Of course, there is a huge debate around belittling individuals for where they shop. Not everyone can afford smaller businesses and need to shop where environmental standards are not as good. This conflict has created much tension around global warming. It scares people into changing their lifestyles for worse, not better.

At one point Atwood writes: “I see that there is no end to imperfection, or to doing things the wrong way”. Every action feels scrutinised. You drive instead of the cycle on a rainy day – you’re a bad person. You buy bananas wrapped in plastic because there is no other option – you’re a bad person. You eat meat twice a week instead of being a dedicated plant-based vegan – you’re a bad person.
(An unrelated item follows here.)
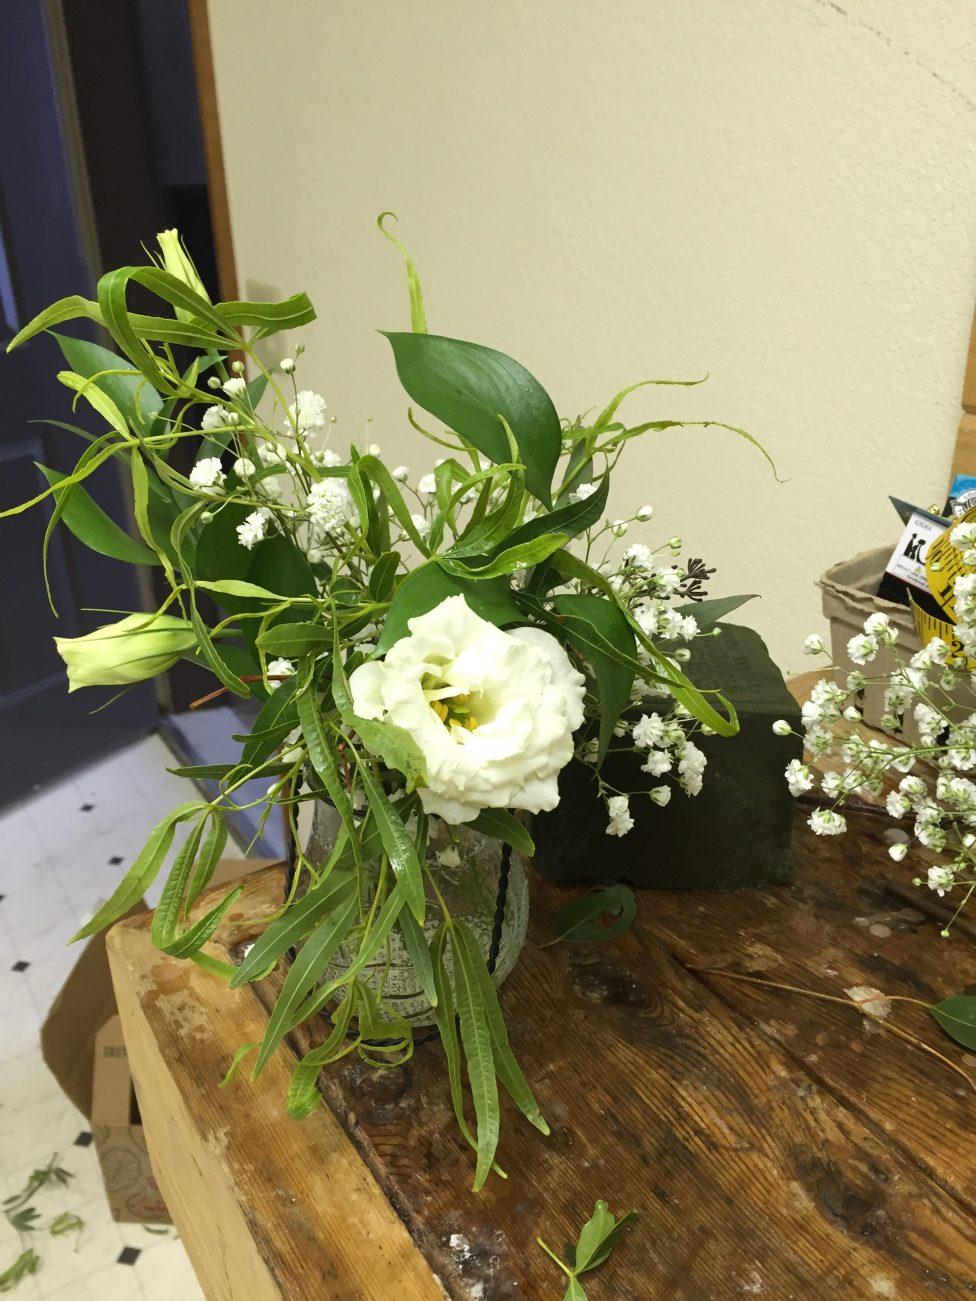 Bud Vases In Process

There is no end to the criticism. Someone is always going to find a way to be upset with you.

However, doing one small thing is better than doing nothing. And if we all do small things, this will combine into a multitude of greater things. Of course, there will be imperfections. We are humans, it is our condition. But, it only makes us more imperfect to criticise others when we could be encouraging them.

Potential has a shelf life”. We, and the planet, is wasting away with each second. Why waste our time complaining our what other people are doing wrong when we could use that potential doing something right. Cheering others on.

We should use our ability to talk and communicate to put it to good. Other creatures, that we know if, don’t have this ability. Why waste it, when we could save the world with it.

Ironically Atwood writes: “The future belongs to insects”. She talks about insects being stronger than us. They have lived before us, and they will outlive us. Just because we have a brain and have developed the capacity to reason, does not mean we have a survival tool.

We should look at what other creatures do to survive. How they maintain a habitat (that we destroy). There is a lot we can learn from animals. Teamwork is one of them. Think about ant colonies. Passing pieces of food from one ant to another, we can barely do that!